**Task:** Begin at the line containing "URATPG 2015 Chemisty Question Paper - Page 8" in the data below and go on through the line containing "Beige Marble Modern", repeating each line exactly; include both ends and no other line.
BEGIN Supplied data
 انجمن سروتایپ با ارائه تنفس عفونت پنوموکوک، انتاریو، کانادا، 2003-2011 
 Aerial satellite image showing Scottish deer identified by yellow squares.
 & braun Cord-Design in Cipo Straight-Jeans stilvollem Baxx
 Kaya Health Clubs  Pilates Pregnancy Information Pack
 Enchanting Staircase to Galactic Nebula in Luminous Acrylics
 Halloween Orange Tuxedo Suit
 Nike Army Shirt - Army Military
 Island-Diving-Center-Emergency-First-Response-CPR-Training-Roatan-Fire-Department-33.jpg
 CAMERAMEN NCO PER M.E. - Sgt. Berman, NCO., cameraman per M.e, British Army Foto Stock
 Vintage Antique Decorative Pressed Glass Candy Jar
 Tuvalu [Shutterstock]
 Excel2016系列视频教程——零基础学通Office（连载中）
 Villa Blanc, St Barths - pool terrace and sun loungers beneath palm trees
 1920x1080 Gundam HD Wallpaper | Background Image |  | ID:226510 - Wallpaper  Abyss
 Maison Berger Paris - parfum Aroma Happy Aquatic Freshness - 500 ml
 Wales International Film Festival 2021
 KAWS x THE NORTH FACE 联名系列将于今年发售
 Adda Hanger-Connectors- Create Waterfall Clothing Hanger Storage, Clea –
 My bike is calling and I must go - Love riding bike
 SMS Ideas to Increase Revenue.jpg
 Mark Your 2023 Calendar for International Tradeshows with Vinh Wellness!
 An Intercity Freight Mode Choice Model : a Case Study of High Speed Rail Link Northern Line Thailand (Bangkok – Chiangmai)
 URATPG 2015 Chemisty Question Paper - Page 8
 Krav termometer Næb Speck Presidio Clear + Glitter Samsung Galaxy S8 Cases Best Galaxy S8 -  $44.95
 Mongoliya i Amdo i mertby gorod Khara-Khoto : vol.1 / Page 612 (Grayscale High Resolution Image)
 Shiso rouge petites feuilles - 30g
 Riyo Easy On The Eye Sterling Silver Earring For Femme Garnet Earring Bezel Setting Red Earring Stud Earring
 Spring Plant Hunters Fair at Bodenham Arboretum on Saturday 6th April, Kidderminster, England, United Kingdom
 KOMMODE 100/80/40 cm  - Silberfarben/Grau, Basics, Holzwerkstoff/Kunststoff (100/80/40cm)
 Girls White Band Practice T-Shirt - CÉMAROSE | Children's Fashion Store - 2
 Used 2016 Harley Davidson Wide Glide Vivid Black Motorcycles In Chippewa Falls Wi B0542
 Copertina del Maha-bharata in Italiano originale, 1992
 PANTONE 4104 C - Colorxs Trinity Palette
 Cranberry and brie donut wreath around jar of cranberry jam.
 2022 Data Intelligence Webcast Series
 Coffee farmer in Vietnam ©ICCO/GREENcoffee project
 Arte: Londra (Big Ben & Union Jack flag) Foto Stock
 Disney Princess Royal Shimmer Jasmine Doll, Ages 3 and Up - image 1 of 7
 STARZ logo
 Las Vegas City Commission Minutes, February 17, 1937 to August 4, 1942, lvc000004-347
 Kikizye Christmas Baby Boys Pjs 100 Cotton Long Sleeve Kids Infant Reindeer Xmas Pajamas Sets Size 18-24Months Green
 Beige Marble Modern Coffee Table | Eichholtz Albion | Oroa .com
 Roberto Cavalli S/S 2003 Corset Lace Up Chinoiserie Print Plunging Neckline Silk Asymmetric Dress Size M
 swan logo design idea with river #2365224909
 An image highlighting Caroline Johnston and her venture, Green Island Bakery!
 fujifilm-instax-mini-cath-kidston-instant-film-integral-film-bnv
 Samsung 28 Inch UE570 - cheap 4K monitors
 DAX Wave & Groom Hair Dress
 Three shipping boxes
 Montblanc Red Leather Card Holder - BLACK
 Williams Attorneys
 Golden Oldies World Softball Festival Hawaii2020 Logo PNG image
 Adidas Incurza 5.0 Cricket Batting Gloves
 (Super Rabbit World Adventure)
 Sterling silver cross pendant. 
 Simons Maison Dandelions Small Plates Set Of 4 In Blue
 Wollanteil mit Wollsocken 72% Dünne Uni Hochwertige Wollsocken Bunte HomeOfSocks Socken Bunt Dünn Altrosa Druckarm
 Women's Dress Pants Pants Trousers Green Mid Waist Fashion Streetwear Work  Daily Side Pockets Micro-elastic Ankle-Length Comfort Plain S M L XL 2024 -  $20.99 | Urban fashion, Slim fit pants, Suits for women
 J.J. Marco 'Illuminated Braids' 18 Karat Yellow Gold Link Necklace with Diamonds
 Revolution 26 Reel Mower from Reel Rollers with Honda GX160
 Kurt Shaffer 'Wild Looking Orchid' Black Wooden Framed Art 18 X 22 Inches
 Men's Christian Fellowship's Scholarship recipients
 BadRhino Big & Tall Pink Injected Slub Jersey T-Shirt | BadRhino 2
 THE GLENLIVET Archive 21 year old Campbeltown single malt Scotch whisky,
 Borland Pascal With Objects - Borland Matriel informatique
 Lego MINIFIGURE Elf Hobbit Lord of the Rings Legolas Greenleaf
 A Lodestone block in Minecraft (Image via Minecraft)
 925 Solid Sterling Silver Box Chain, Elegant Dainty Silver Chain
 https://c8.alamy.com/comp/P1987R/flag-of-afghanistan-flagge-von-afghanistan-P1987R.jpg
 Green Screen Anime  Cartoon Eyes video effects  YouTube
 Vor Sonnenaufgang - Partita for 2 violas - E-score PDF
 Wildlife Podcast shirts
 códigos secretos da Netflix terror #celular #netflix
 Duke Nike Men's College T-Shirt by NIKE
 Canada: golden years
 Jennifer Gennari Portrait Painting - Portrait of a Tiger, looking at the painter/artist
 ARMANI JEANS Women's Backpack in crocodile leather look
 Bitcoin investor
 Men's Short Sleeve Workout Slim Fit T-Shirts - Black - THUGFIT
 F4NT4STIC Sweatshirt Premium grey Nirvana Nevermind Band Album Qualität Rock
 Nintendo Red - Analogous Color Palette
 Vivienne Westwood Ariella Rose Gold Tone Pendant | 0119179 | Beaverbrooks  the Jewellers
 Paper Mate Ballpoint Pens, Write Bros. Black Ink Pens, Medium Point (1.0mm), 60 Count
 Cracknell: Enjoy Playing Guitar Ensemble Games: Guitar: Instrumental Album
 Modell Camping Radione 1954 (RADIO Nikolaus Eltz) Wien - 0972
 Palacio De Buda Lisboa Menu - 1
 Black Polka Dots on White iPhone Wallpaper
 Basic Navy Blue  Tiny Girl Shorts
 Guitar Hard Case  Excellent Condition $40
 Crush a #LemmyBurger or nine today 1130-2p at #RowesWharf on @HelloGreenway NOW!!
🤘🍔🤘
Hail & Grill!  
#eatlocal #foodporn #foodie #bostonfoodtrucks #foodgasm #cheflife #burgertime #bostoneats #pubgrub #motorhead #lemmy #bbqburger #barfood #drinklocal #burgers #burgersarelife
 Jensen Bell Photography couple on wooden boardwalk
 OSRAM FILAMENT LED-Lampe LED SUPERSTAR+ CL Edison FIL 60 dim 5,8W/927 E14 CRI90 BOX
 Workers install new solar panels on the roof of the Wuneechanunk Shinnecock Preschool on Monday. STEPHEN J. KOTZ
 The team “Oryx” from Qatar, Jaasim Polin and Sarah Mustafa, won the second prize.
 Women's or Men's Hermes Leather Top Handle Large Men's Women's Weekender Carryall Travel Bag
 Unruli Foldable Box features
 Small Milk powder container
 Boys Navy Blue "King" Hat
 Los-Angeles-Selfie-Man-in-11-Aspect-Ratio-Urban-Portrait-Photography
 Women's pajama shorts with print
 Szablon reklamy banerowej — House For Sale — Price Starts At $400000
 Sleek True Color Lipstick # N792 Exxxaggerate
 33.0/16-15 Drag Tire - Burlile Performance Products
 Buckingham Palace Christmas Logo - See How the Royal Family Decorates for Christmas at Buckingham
END Supplied data
**Solution to this problem:**
 URATPG 2015 Chemisty Question Paper - Page 8
 Krav termometer Næb Speck Presidio Clear + Glitter Samsung Galaxy S8 Cases Best Galaxy S8 -  $44.95
 Mongoliya i Amdo i mertby gorod Khara-Khoto : vol.1 / Page 612 (Grayscale High Resolution Image)
 Shiso rouge petites feuilles - 30g
 Riyo Easy On The Eye Sterling Silver Earring For Femme Garnet Earring Bezel Setting Red Earring Stud Earring
 Spring Plant Hunters Fair at Bodenham Arboretum on Saturday 6th April, Kidderminster, England, United Kingdom
 KOMMODE 100/80/40 cm  - Silberfarben/Grau, Basics, Holzwerkstoff/Kunststoff (100/80/40cm)
 Girls White Band Practice T-Shirt - CÉMAROSE | Children's Fashion Store - 2
 Used 2016 Harley Davidson Wide Glide Vivid Black Motorcycles In Chippewa Falls Wi B0542
 Copertina del Maha-bharata in Italiano originale, 1992
 PANTONE 4104 C - Colorxs Trinity Palette
 Cranberry and brie donut wreath around jar of cranberry jam.
 2022 Data Intelligence Webcast Series
 Coffee farmer in Vietnam ©ICCO/GREENcoffee project
 Arte: Londra (Big Ben & Union Jack flag) Foto Stock
 Disney Princess Royal Shimmer Jasmine Doll, Ages 3 and Up - image 1 of 7
 STARZ logo
 Las Vegas City Commission Minutes, February 17, 1937 to August 4, 1942, lvc000004-347
 Kikizye Christmas Baby Boys Pjs 100 Cotton Long Sleeve Kids Infant Reindeer Xmas Pajamas Sets Size 18-24Months Green
 Beige Marble Modern Coffee Table | Eichholtz Albion | Oroa .com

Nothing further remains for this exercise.